Figure 7.

Aptamer RNA accumulation in viral, total, cytoplasmic, and nuclear RNA preparations. (a) Viral RNA was harvested from virus produced by transfection in the presence of aptamer. cDNA was synthesized from 200 ng of RNA and subjected to quantitative real-time-PCR using primers specific for 70N or 80N aptamers or reference RNAs (unspliced GAPDH for total RNA; spliced GAPDH for cytoplasmic RNA; U6snRNA for nuclear RNA; or human immunodeficiency virus-1 (HIV-1) gag for viral RNA). “No RT” controls were included for each sample, and each sample was assayed in triplicate. Each quantity was determined using the relative quantity (2^–ΔΔCT) method where samples were first normalized to the corresponding reference RNAs, then to the pcDNA3.1 control (set to 1), and averaged.
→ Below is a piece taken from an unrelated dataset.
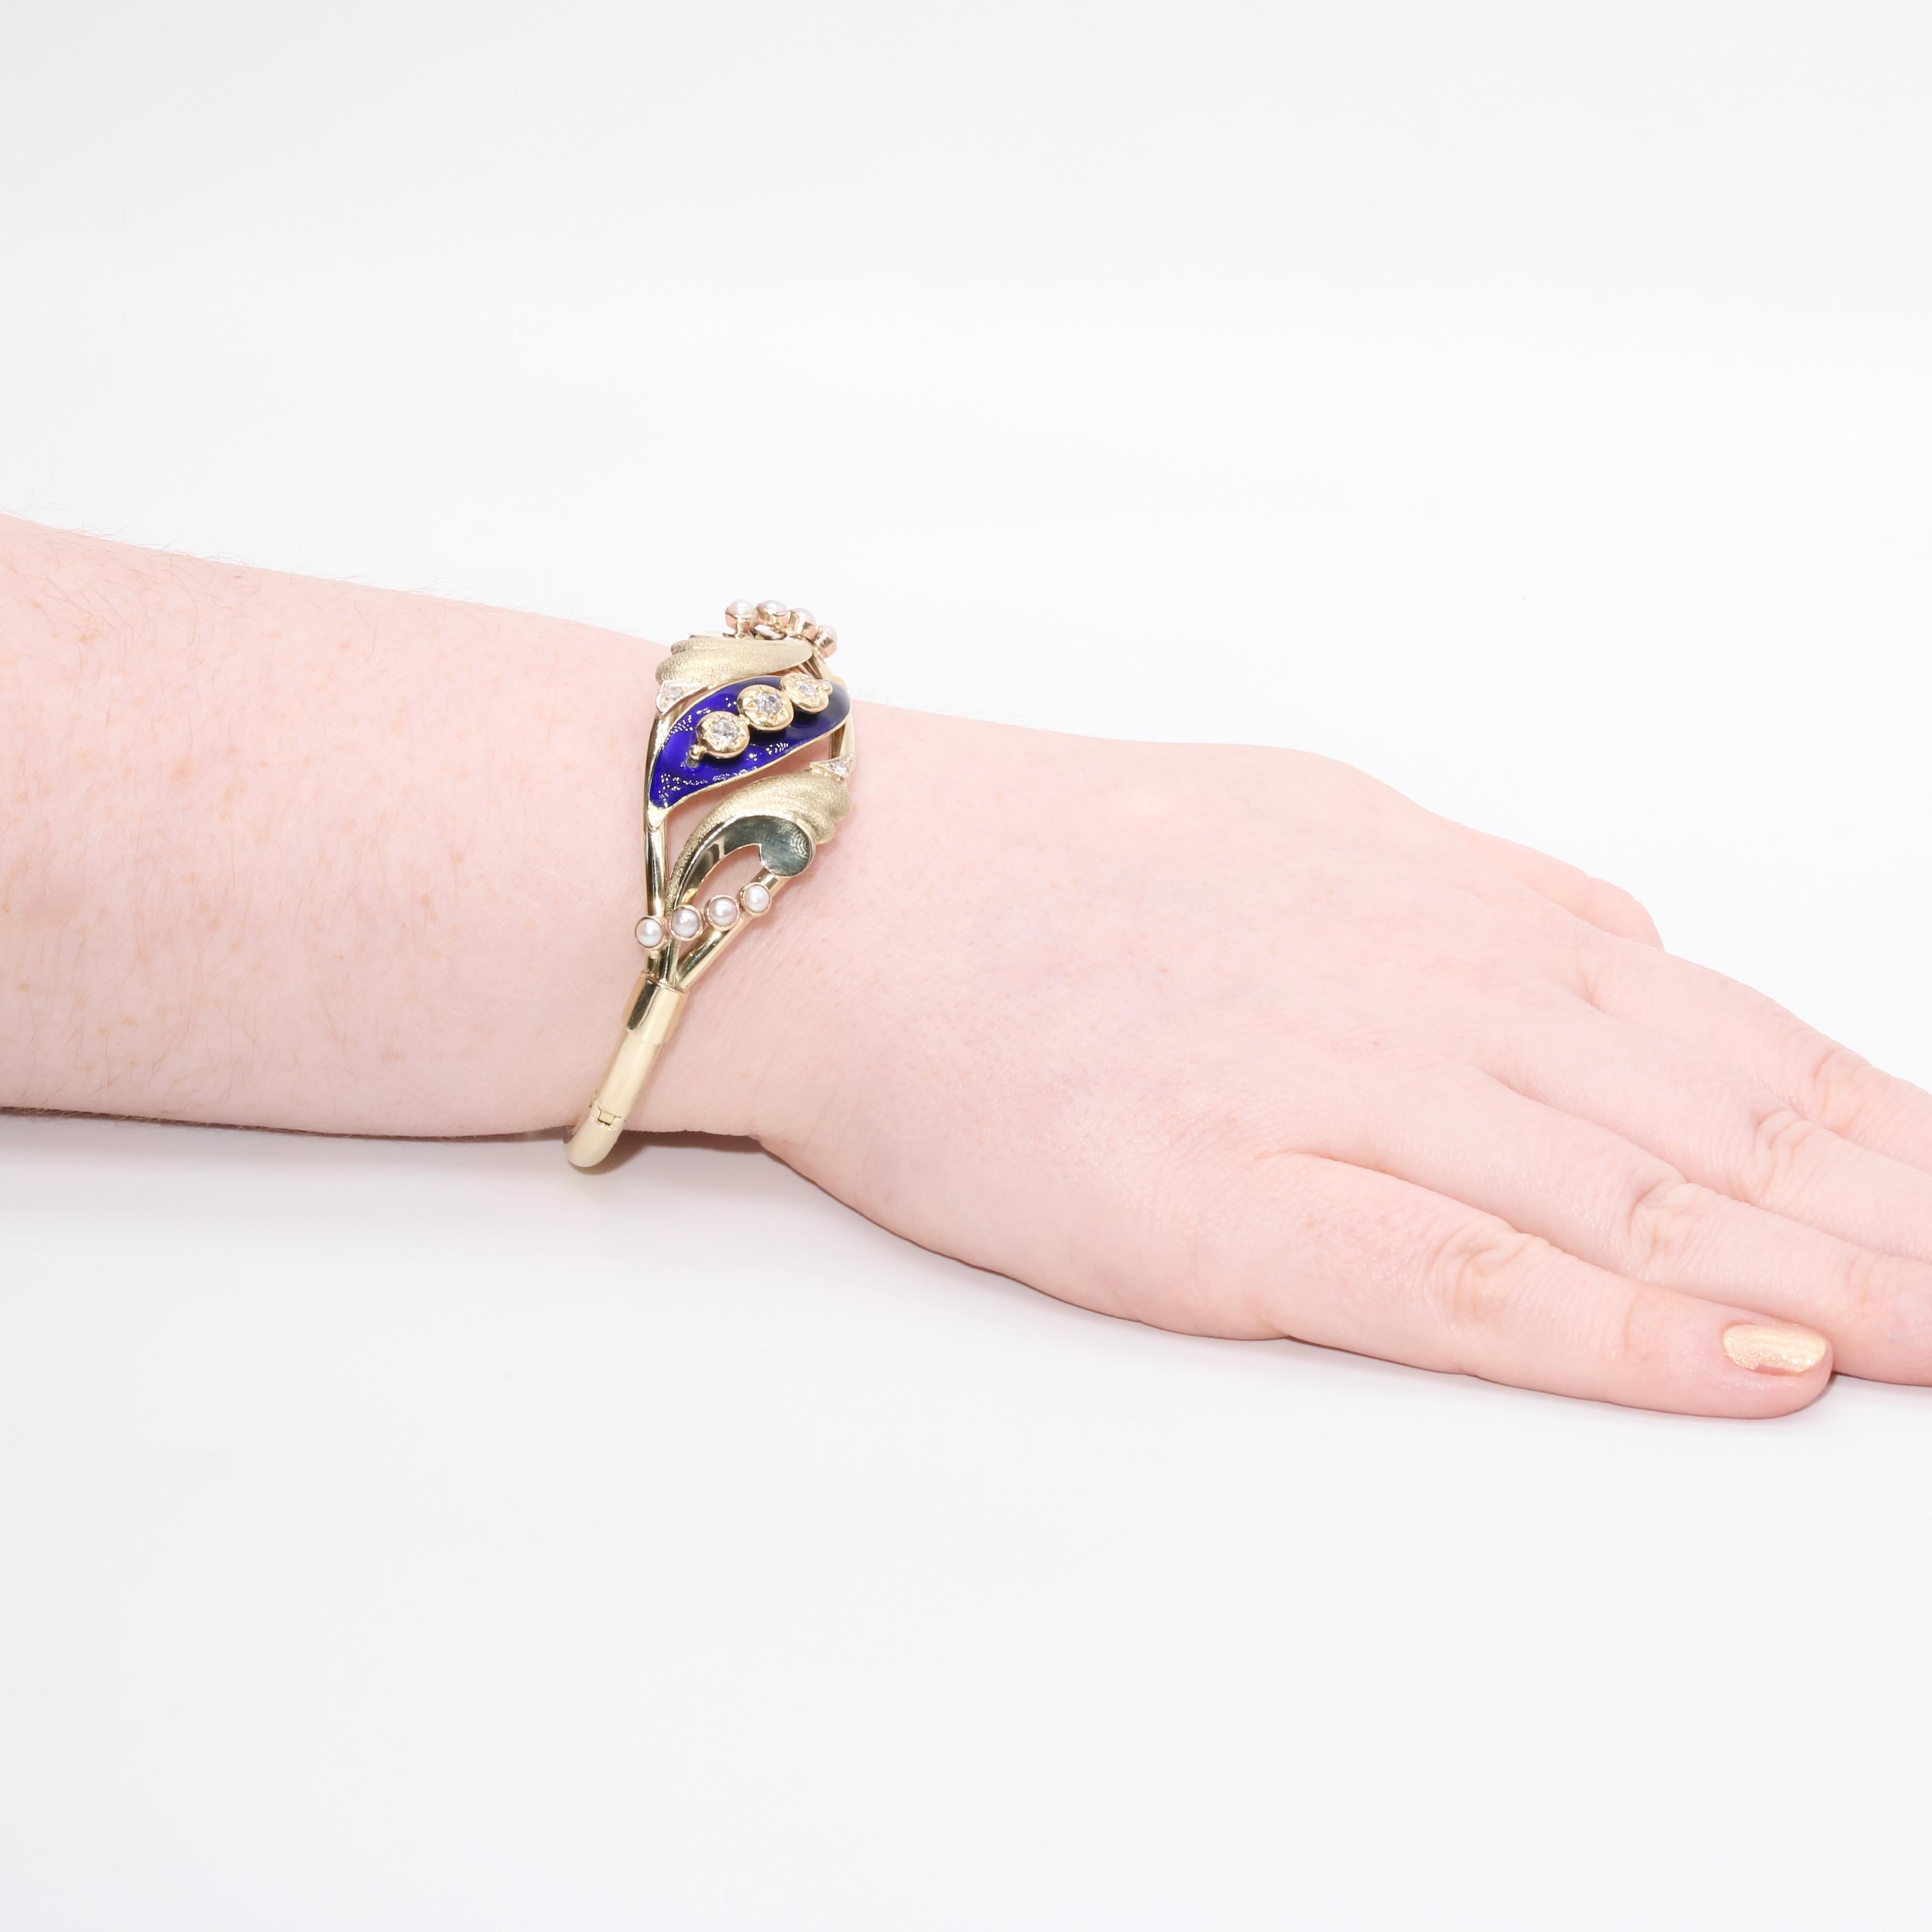 A Victorian, diamond, pearl, enamel, and gold bracelet, comprising five old cut diamonds, eight seed pearls, and blue enamel, set in 14 karat yellow gold. 

This beautiful bracelet has a central leaf-shaped panel, which is adorned in cobalt blue

Values are shown as the mean ± SD. One-way ANOVA and Student's t-test were performed to determine statistical significance as compared to the original expression context (*P < 0.05; ** P < 0.01; ***P < 0.001). Experiments were performed three times, and a representative experiment is shown. (b–d) Total RNA and cytoplasmic and nuclear RNA from fractionated cells were collected from 293FT cells transfected with aptamers (b) 70.05, (c) 70.15, or (d) 80.80. cDNA, qPCR, and data analysis were performed as in (a) using the corresponding reference RNAs.